## What is needed
Copy the data below exactly, omitting any picture it contains.

## Input data
━━━━━━━━━━━━━━━━━━━━━━━━━━━━━━

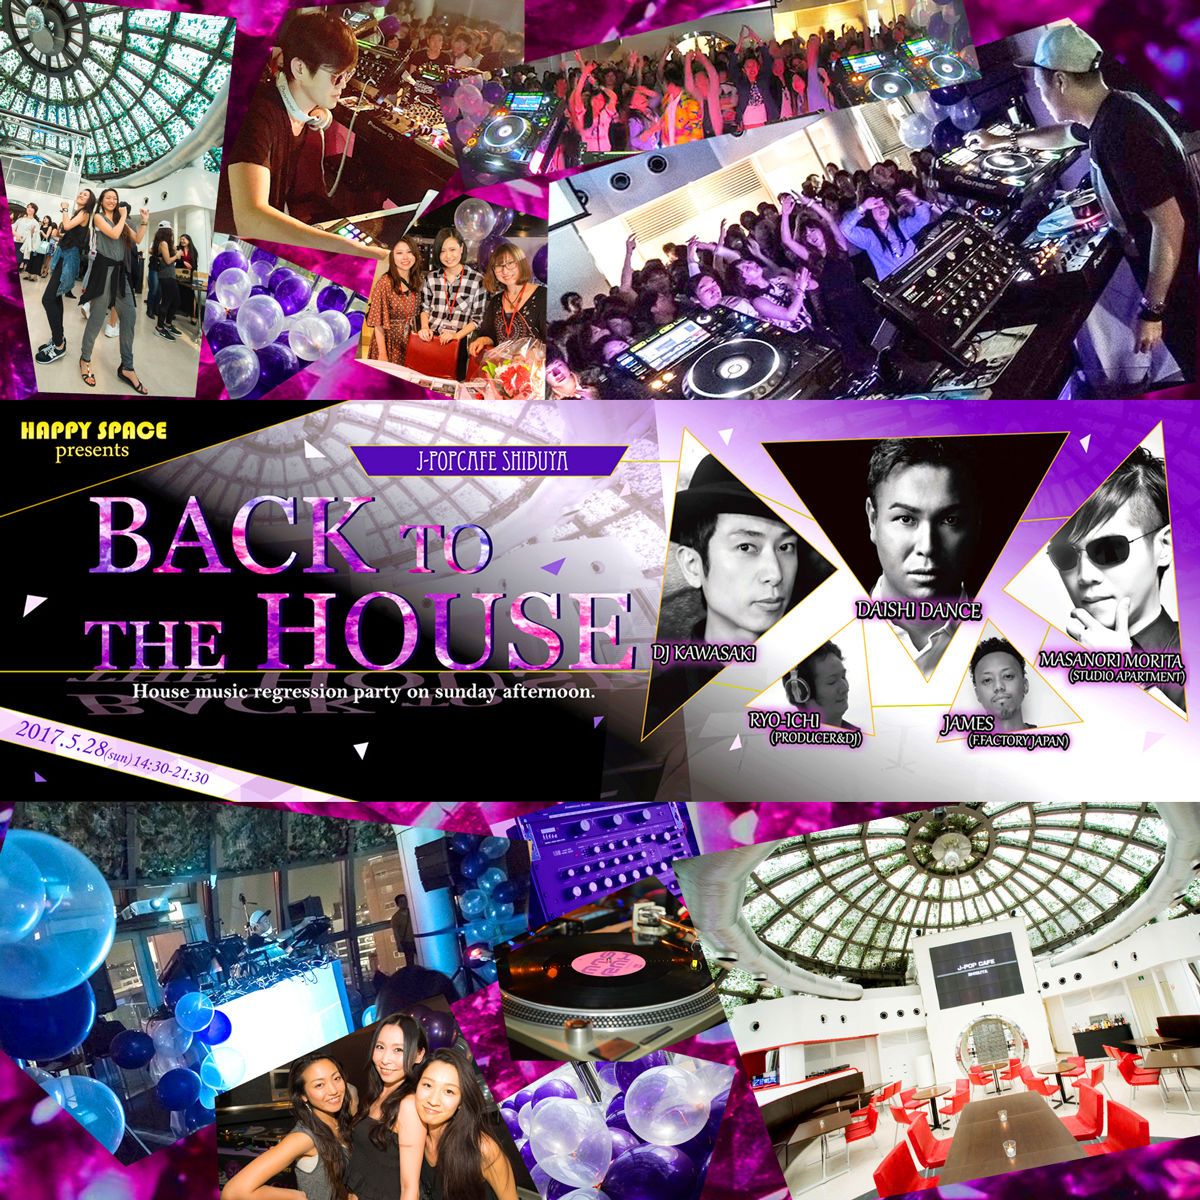 “音楽を愛する大人のハウスミュージックパーティー”「BACK TO THE HOUSE」開催。ゲストはDAISHI DANCE、Masanori Morita、DJ KAWASAKI
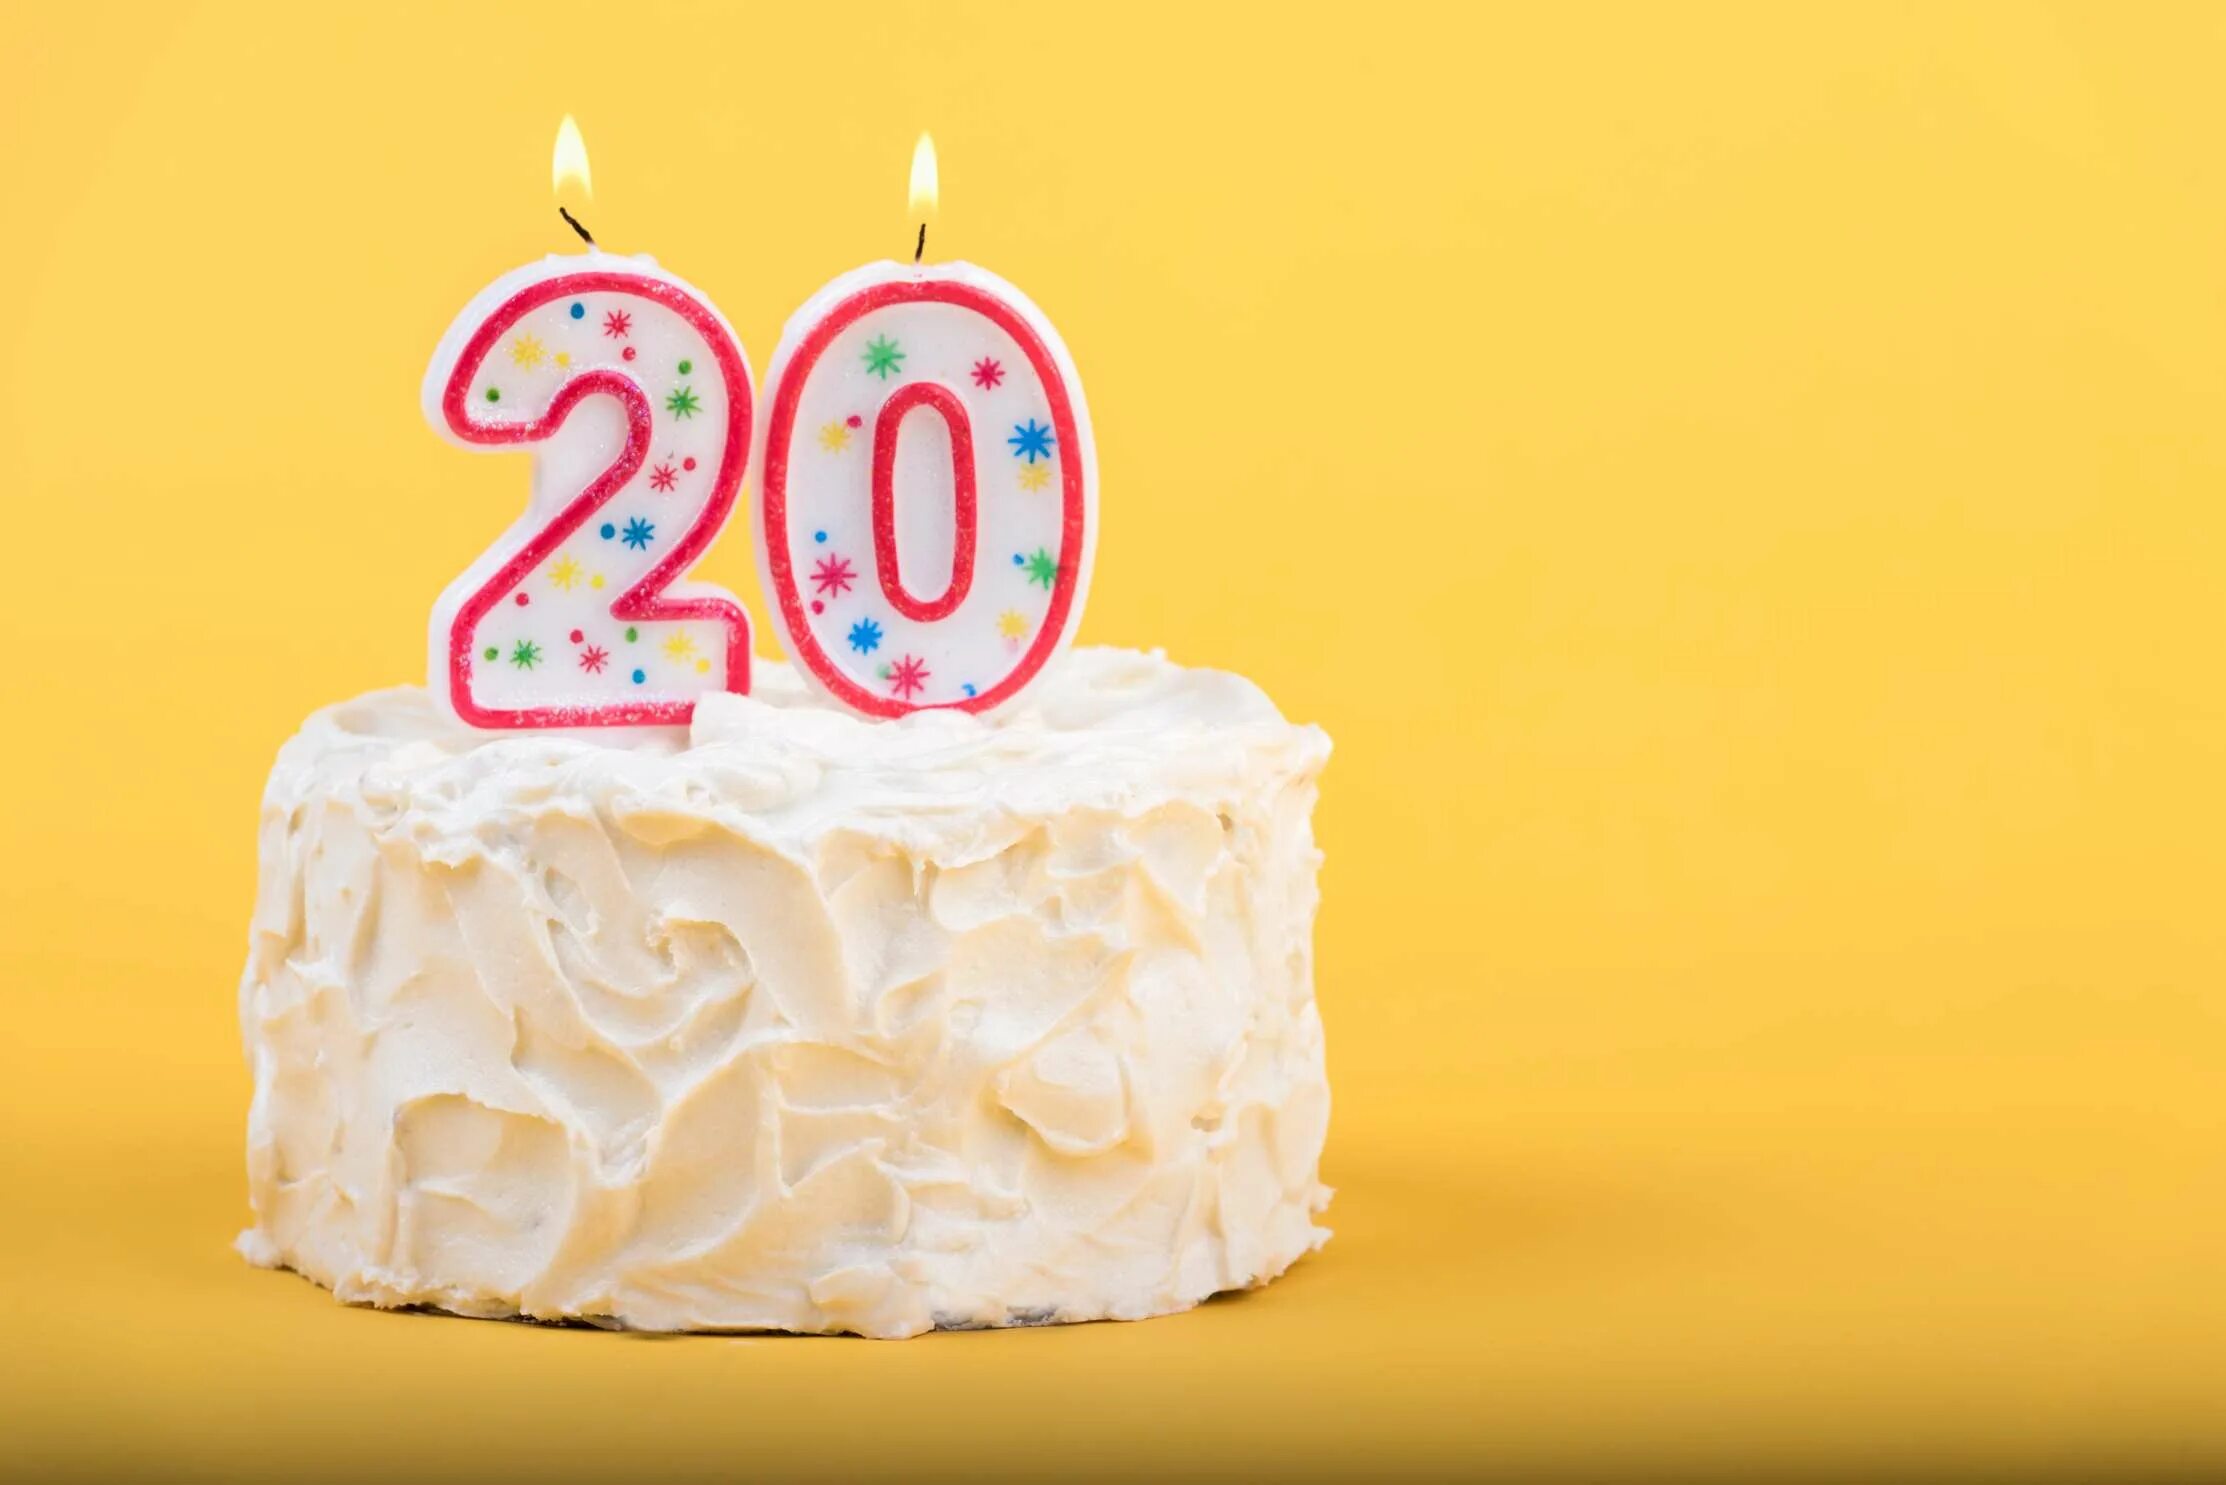 Двадцатилетие pax. Торт со свечами 20 лет. С днём рождения 20 лет. Торт со свечкой 30 лет. Тортик с 10 свечками.
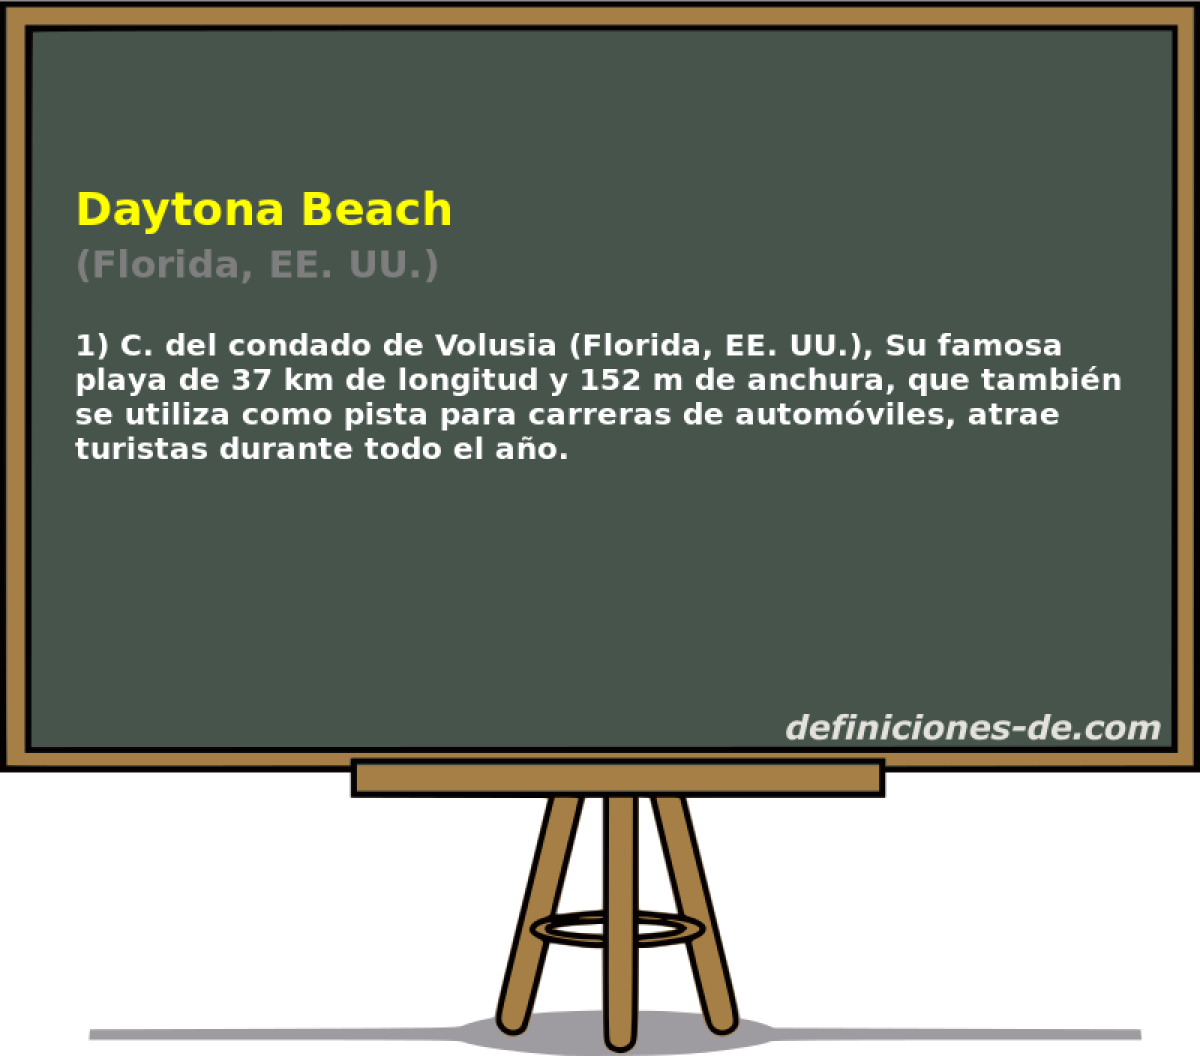 Daytona Beach (Florida, EE. UU.)

━━━━━━━━━━━━━━━━━━━━━━━━━━━━━━

## Your solution
 “音楽を愛する大人のハウスミュージックパーティー”「BACK TO THE HOUSE」開催。ゲストはDAISHI DANCE、Masanori Morita、DJ KAWASAKI
 Двадцатилетие pax. Торт со свечами 20 лет. С днём рождения 20 лет. Торт со свечкой 30 лет. Тортик с 10 свечками.
 Daytona Beach (Florida, EE. UU.)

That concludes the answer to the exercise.